> [EXERCISE DETAILS]
Look through the records below for the line with "kissen 30 5". Return that line and each one after it up to and including the line with "疑似小米MIX系列手机上半年搭载,雷军曾致敬这个系列 数码科技 第4张", exactly.

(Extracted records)
##############################
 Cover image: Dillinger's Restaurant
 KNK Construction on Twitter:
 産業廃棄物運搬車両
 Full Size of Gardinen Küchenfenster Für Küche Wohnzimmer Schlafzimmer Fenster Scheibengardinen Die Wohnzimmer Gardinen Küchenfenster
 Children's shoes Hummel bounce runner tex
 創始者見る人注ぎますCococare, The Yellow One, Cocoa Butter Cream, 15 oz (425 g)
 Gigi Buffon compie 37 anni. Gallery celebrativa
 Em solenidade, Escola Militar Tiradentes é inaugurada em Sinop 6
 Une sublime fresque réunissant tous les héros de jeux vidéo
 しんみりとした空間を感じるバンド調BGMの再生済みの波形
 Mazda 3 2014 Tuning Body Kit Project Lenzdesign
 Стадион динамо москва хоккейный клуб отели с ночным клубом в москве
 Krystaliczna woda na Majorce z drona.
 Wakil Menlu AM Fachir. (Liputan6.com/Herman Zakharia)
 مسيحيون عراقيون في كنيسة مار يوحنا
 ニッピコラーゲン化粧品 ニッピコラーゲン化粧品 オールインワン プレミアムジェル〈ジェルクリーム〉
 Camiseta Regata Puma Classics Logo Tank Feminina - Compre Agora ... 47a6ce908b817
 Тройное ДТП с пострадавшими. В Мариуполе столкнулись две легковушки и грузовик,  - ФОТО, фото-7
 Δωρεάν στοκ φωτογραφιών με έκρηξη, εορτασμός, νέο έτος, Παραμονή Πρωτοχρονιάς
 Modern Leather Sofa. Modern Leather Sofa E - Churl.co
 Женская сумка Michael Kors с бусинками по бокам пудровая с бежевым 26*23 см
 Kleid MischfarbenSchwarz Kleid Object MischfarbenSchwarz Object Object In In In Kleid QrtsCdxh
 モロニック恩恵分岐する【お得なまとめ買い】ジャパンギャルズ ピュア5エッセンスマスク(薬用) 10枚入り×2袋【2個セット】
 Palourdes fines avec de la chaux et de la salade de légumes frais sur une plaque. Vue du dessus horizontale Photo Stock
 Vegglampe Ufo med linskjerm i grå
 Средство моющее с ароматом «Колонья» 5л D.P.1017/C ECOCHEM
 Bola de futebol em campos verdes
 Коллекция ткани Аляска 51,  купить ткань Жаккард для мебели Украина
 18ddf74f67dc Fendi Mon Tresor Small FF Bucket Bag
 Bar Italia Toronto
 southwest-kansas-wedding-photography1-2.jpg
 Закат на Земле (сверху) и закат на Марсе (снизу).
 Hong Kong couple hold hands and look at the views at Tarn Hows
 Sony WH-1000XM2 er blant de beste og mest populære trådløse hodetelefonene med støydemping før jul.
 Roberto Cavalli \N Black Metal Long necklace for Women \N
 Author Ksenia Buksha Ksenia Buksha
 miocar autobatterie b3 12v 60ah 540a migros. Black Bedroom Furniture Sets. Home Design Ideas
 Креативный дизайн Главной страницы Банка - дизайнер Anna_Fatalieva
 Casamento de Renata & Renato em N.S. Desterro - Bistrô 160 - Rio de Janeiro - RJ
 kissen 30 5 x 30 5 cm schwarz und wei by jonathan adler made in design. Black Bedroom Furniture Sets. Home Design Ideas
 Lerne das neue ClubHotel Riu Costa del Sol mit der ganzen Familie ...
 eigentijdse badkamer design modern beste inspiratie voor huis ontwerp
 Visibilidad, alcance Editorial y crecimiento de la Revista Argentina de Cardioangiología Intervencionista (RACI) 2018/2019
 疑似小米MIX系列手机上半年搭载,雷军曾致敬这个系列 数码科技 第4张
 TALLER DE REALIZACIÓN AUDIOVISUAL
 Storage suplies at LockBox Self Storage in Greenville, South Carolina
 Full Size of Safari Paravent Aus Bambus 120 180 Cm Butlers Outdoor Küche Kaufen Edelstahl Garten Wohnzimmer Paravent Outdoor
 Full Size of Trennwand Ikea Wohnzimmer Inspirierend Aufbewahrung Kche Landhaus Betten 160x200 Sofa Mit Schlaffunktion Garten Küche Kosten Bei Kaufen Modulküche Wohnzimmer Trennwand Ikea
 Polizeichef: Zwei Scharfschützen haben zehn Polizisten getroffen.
##############################
> [YOUR RESPONSE]
 kissen 30 5 x 30 5 cm schwarz und wei by jonathan adler made in design. Black Bedroom Furniture Sets. Home Design Ideas
 Lerne das neue ClubHotel Riu Costa del Sol mit der ganzen Familie ...
 eigentijdse badkamer design modern beste inspiratie voor huis ontwerp
 Visibilidad, alcance Editorial y crecimiento de la Revista Argentina de Cardioangiología Intervencionista (RACI) 2018/2019
 疑似小米MIX系列手机上半年搭载,雷军曾致敬这个系列 数码科技 第4张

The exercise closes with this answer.